Study and experimental investigation of insertion force modeling and tissue deformation phenomenon during surgical needle-soft tissue interaction

Abstract

Surgical needle insertion is generally used in the current advanced surgery process, particularly in the area of biopsy, MIS or minimally invasive surgery, brachytherapy, etc. During the needle insertion performance into the soft tissue, one of the most important issues is the tissue deformation that affects the needle engagement inside the tissue material. We have presented an energy-based insertion model, and the conical shape of deformed tissue is assumed. The tests are performed on PVA gel samples, and the model is analyzed to determine the tissue deformation volume during needle insertion into soft tissue. The procedures for evaluating the puncture force which creates the deformation of the contact point. With the help of the needle insertion experimental investigation, a geometric model of tissue deformation phenomenon and insertion force was investigated. The active needle-soft tissue contacts are studied, and with the help of the energy-based insertion model, the different factors like strain energy, potential, and dissipated energies are investigated.

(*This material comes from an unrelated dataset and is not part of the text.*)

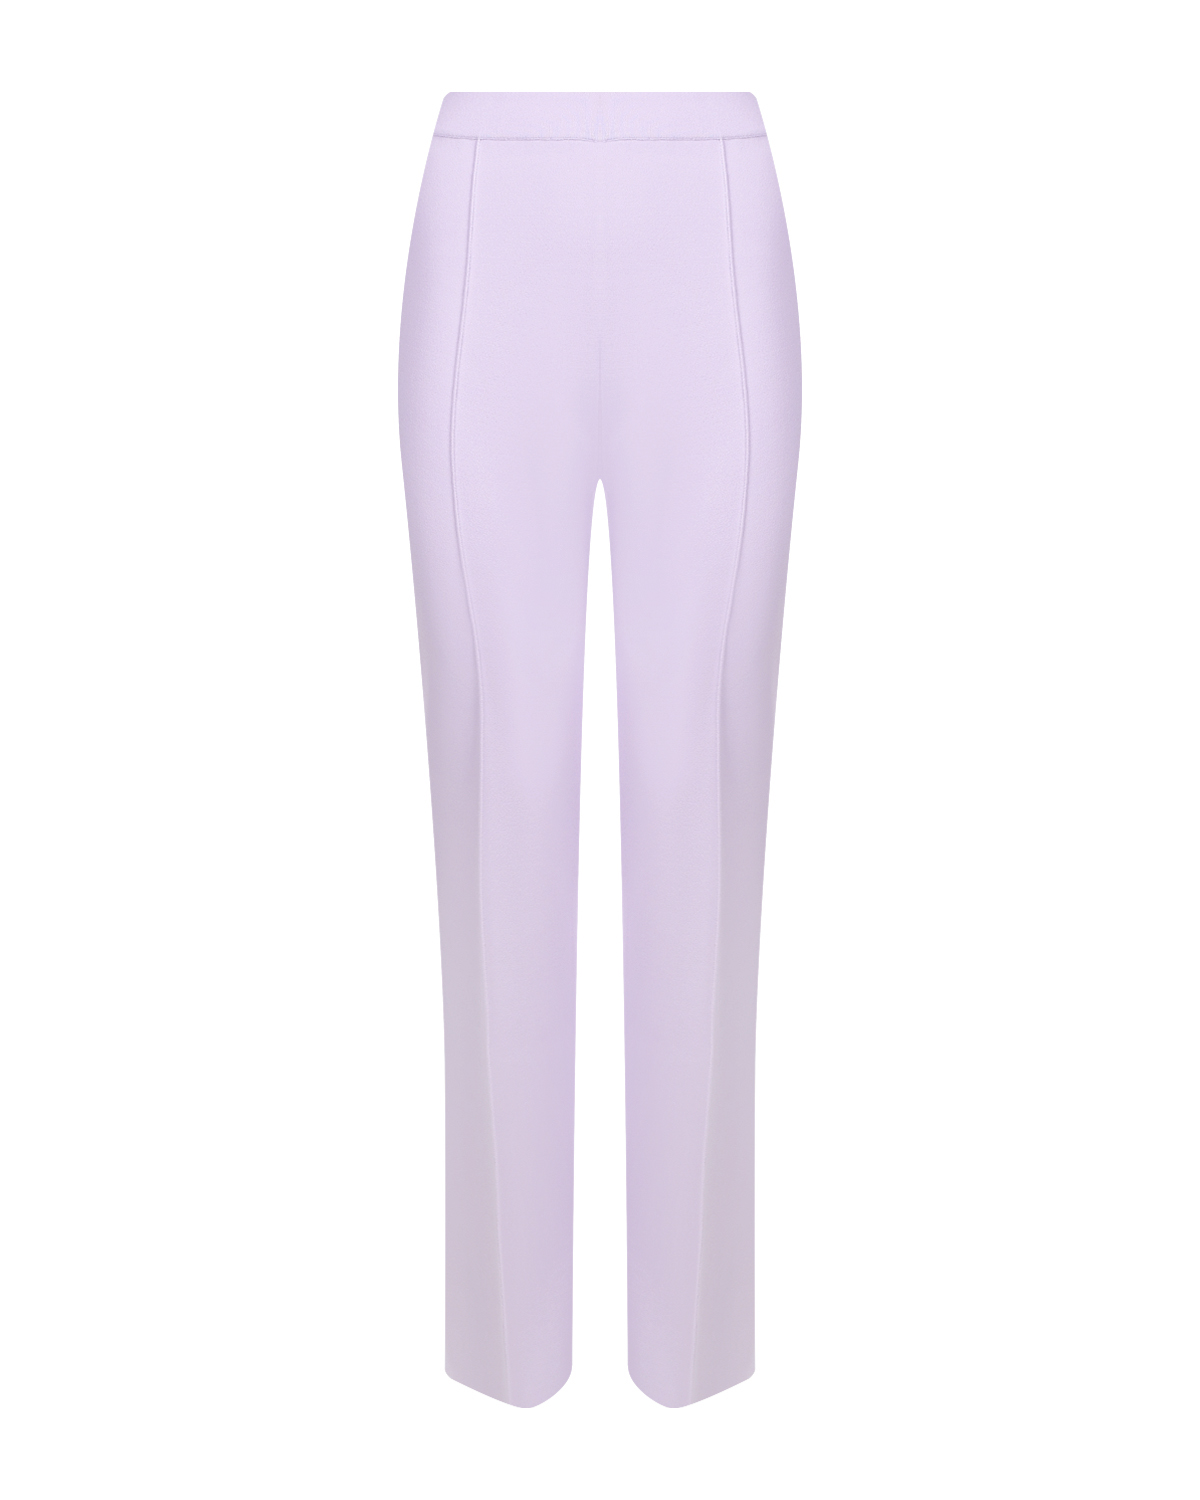 Сиреневые брюки клеш MRZ, размер 40, цвет сиреневый - фото 1

The tests are completed on the tissue mimic PVA gel samples, and the results show the volume and area of tissue deformation; at the time of initial needle insertion, the maximum tissue deformation arises and during the needle movement in the post-perforation stage, the deformation gradually decreases as the more peripheral work is altered into the vicious and degenerate energies. The maximum insertion force was noticed in 14° bevel angle needle tip and at 3 mm/s needle insertion speed, the volume of tissue deformation was maximum. The maximum deformation of the issue arises at the initial perforate position, and the distortion reduces along with the raises of the needle movement during the post-insertion period as the needle insertion work is converted into vicious and dissolute energies.